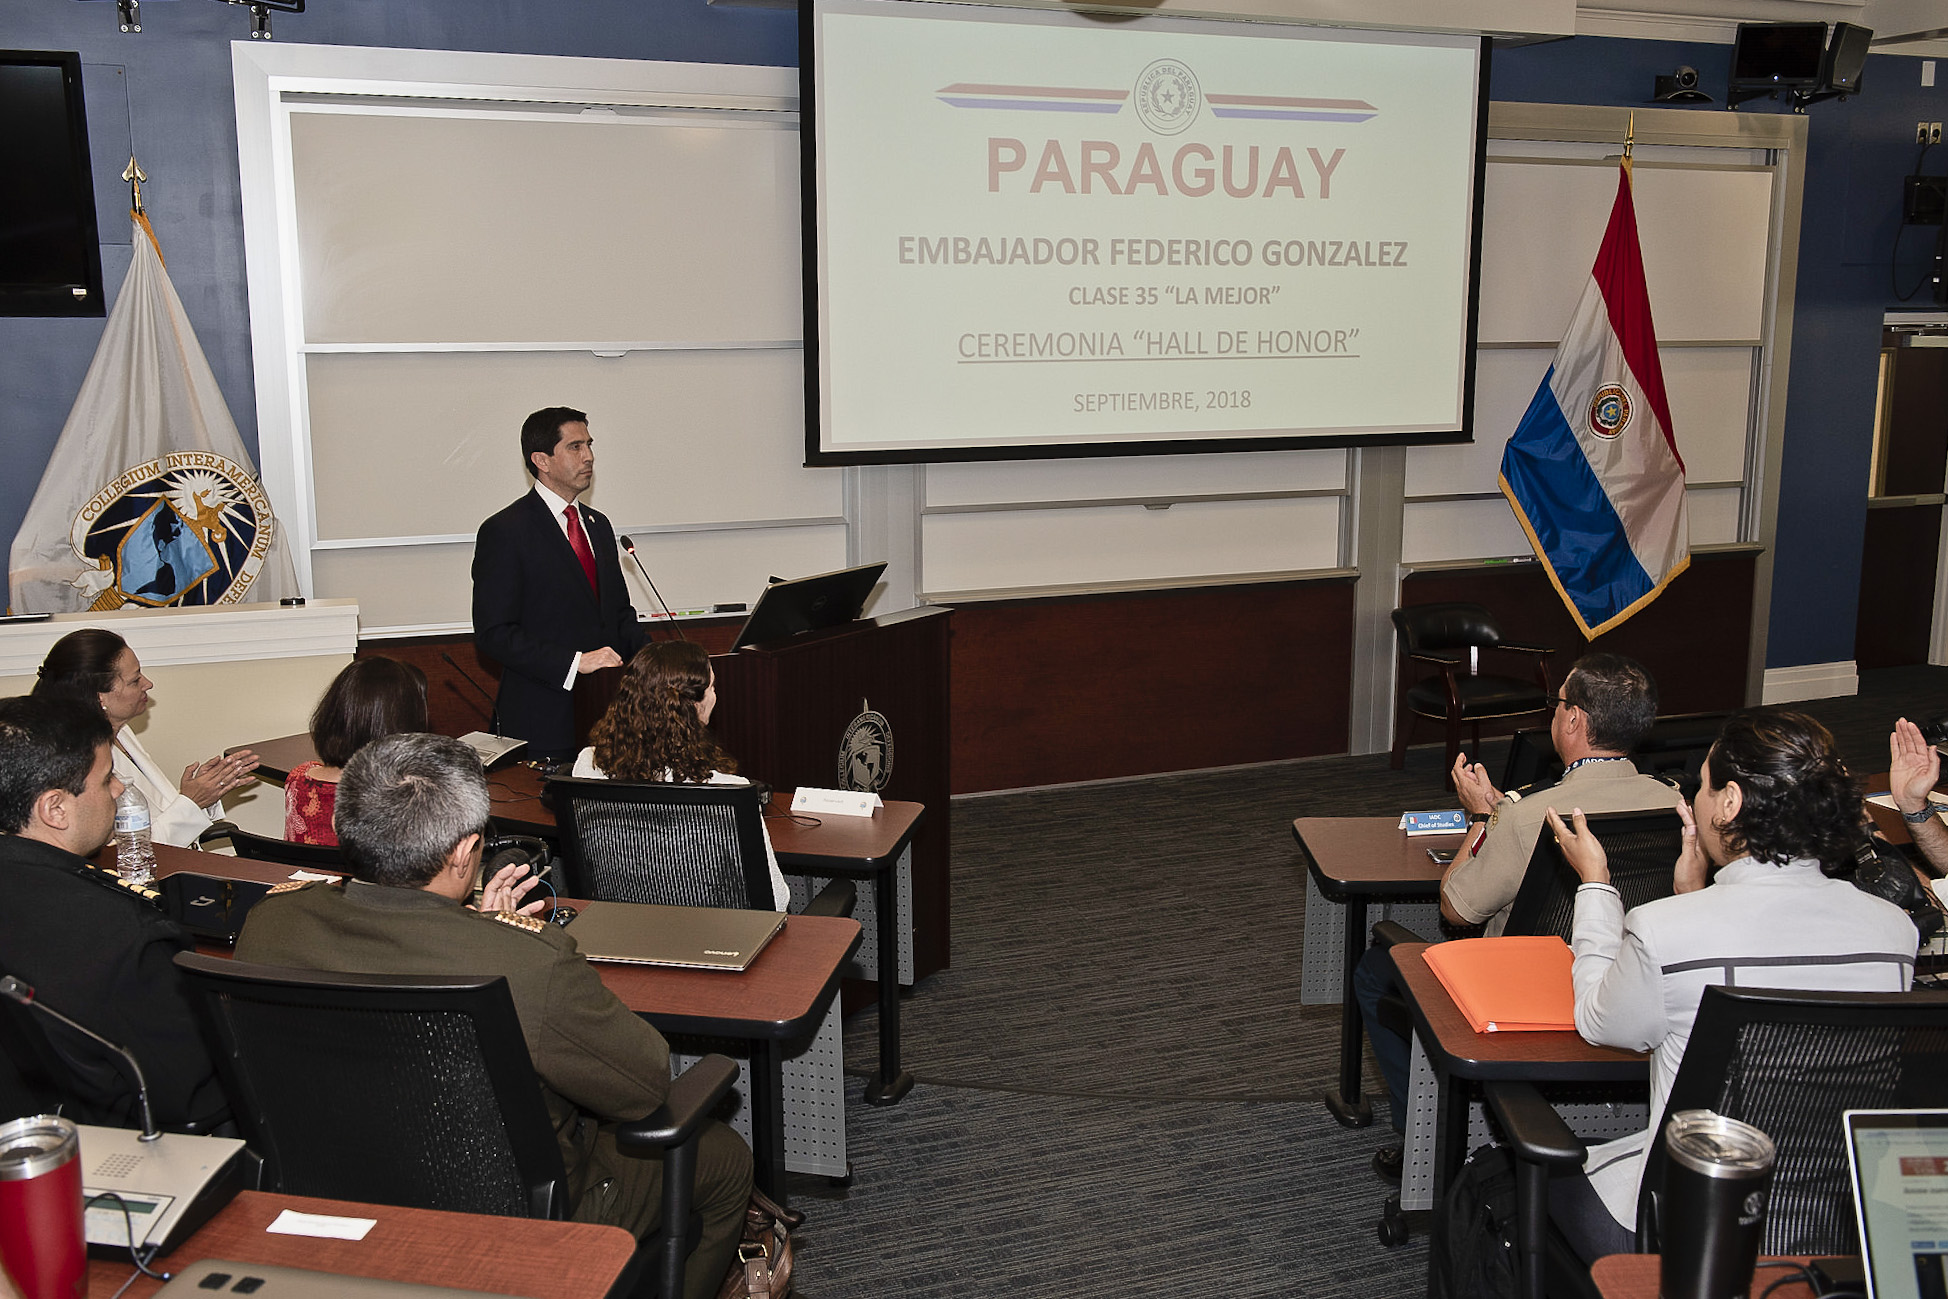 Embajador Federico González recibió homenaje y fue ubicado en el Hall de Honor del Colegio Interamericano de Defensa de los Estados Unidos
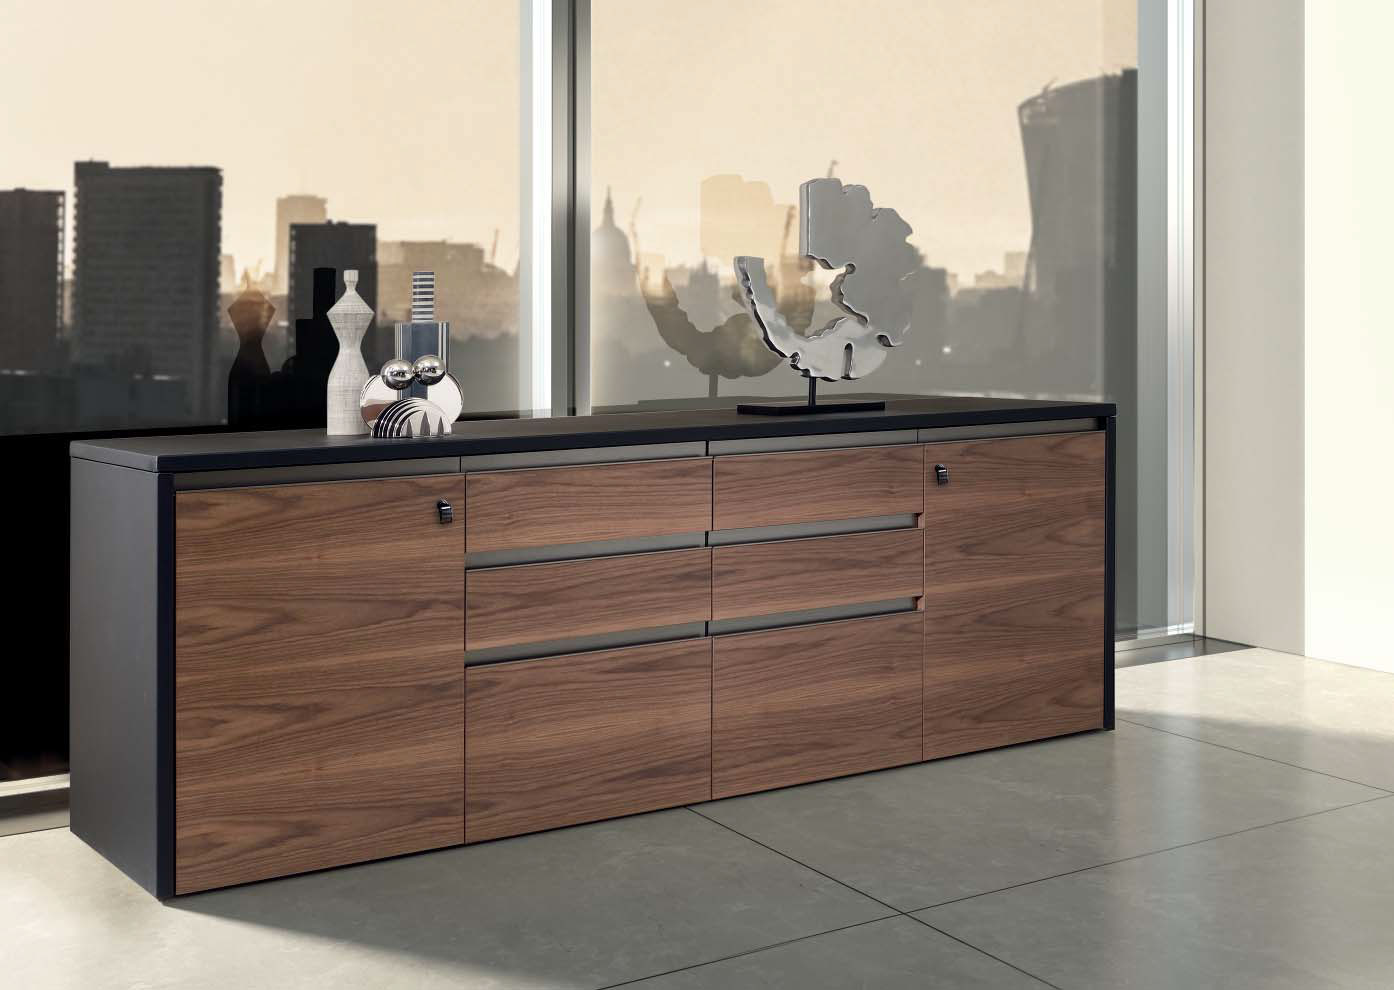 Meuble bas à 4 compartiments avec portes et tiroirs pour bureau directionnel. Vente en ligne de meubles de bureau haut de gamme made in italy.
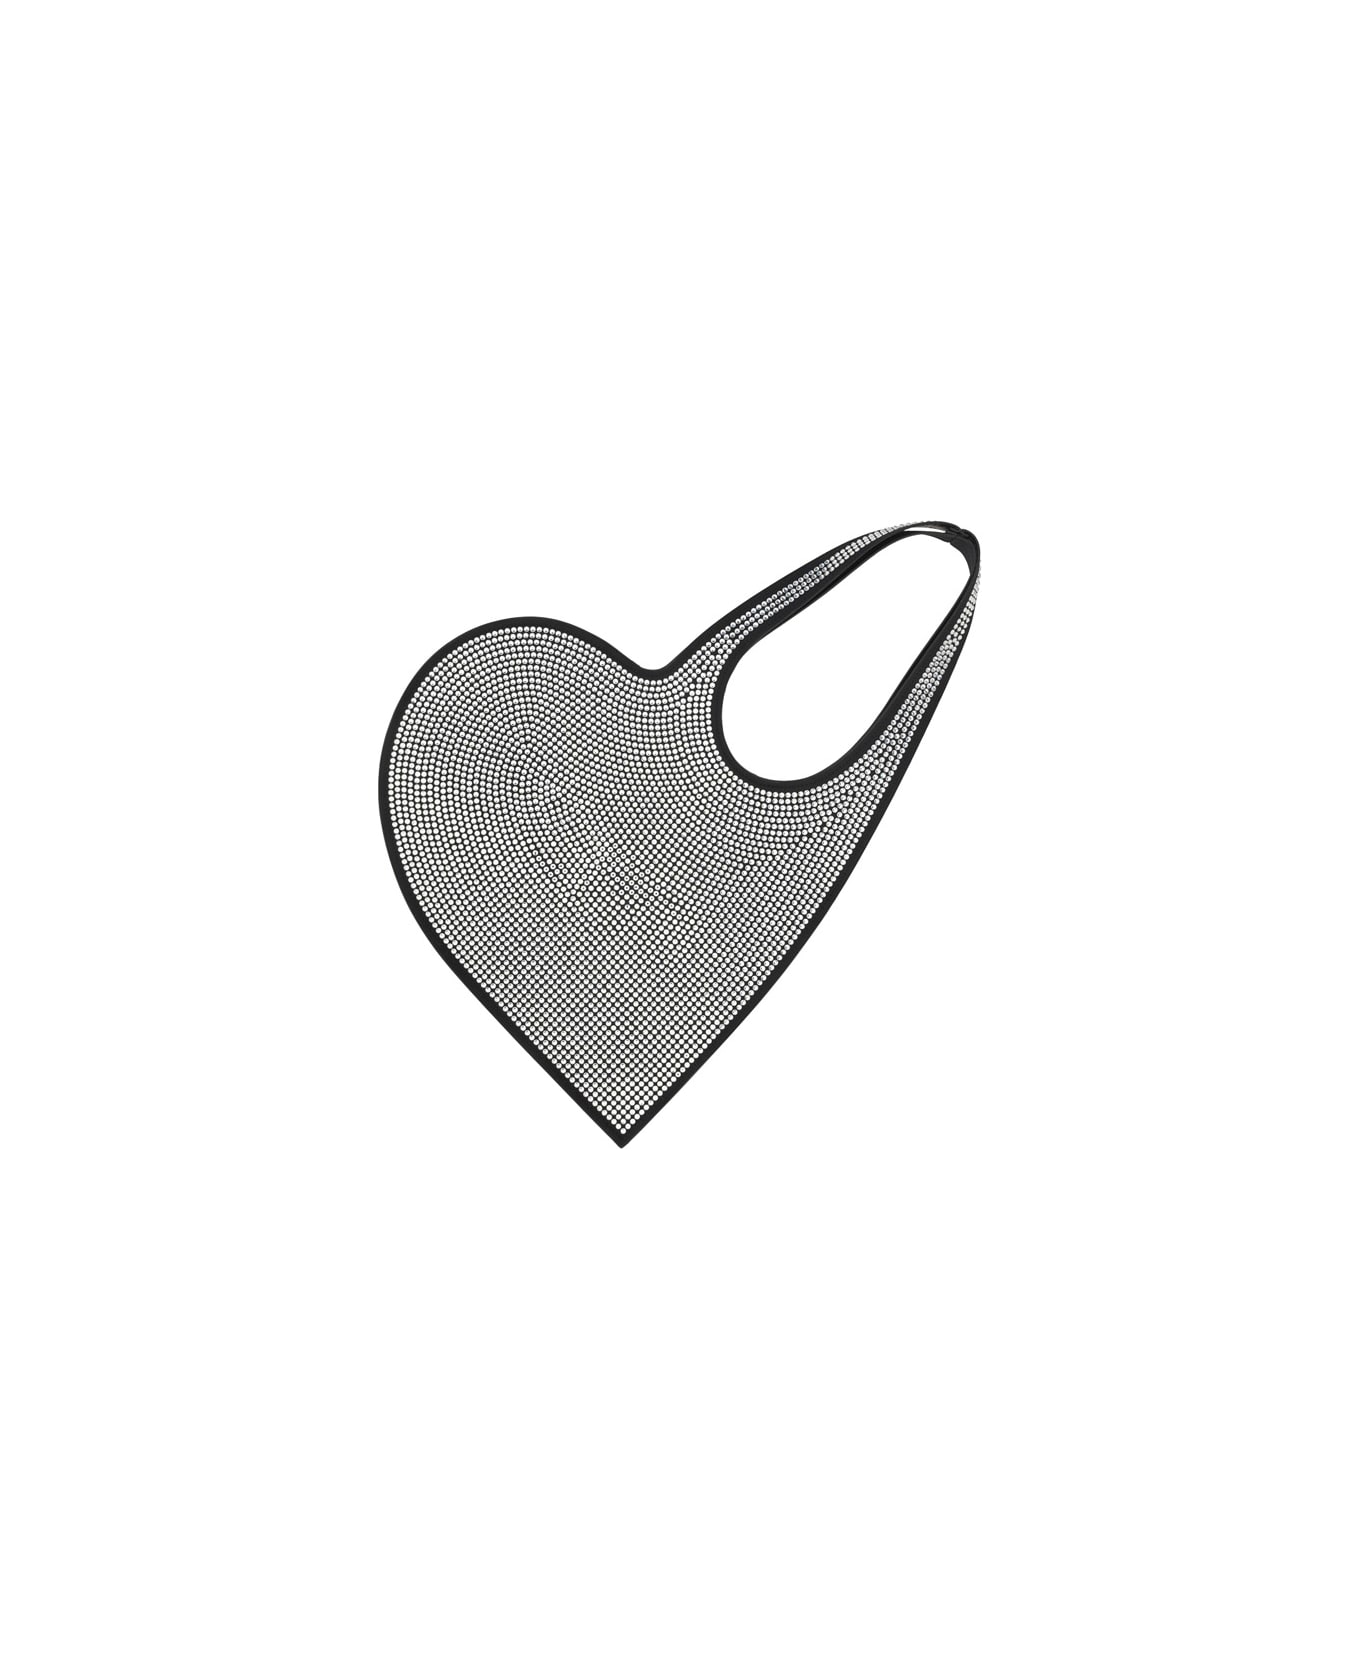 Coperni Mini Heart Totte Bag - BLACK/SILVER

◆ ◆ ◆ ◆

● **WHAT YOU NEED TO DO**: Transcribe the whole listing exactly but exclude images.

● **WRITTEN RESPONSE**:
 Embajador Federico González recibió homenaje y fue ubicado en el Hall de Honor del Colegio Interamericano de Defensa de los Estados Unidos
 Meuble bas à 4 compartiments avec portes et tiroirs pour bureau directionnel. Vente en ligne de meubles de bureau haut de gamme made in italy.
 Coperni Mini Heart Totte Bag - BLACK/SILVER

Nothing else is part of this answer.